MRI characteristics of intramedullary schwannomas are fairly inconsistent. Administration of gadolinium can cause nodular enhancement of schwannomas when cystic components are present, but is mainly useful in differentiating intramedullary schwannomas from spinal cord edema.[12,16] A confident diagnosis of intramedullary schwannoma can be made preoperatively when there is continuity of the intramedullary lesion with a contrast enhancing thickened spinal root.[12]

Complete surgical excision of intramedullary schwannomas is considered curative, effective, and safe. Schwannomas are normally benign encapsulated tumors. In contrast, approximately 10% of melanotic schwannomas have been reported to pursue an aggressive clinical course with local recurrence and metastases including seeding of the subarachnoid space.[2,14] The presence of multiple lesions however is not synonymous with seeding since multiple independent schwannomas may occur.
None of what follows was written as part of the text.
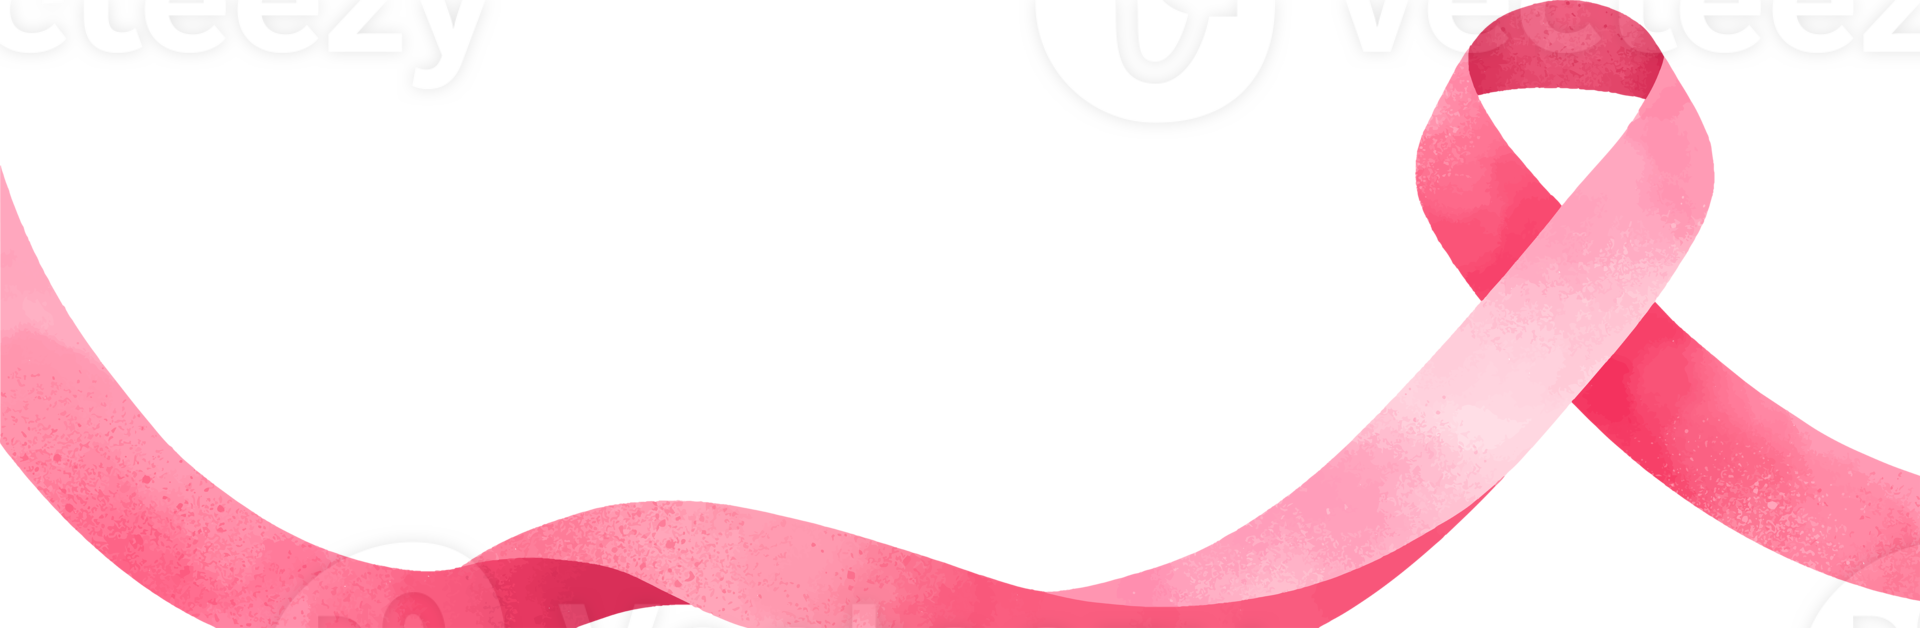 Pink breast cancer ribbon symbol border design, PNG file no background

Whenever possible, complete resection and careful follow-up should be practiced with any melanotic schwannoma regardless of location. Radiotherapy following subtotal resection of an intramedullary melanotic schwannoma is recommended due to the tumor's potential for recurrence and metastasis.[17] In our experience, melanotic lesions of the spinal cord may behave in an unpredictable fashion. While we do not believe radiotherapy is necessary when a gross total resection is possible and postoperative MRI confirms this, we recommend close MRI follow-up. It is our usual practice to image spinal cord tumors annually following surgical resection; we shorten this interval to six months, at least initially, for melanotic tumors of the spinal cord.

Conclusions

MRI is the preferred method for evaluating lesions of the spine cord. Melanotic lesions will appear T1 hyperintense and T2 hypointense due to paramagnetic free radicals in melanin. In contrast, non-melanotic tumors are T1 hypointense and T2 hyperintense. There can be some difficulty in differentiating early subacute hematomas from melanotic lesions and this may lead to an initial radiographic diagnosis of cavernous malformation. IMS are rare and their behavior is unpredictable. Gross total resection is the goal in neurosurgical treatment since recurrence and malignancy are possibilities.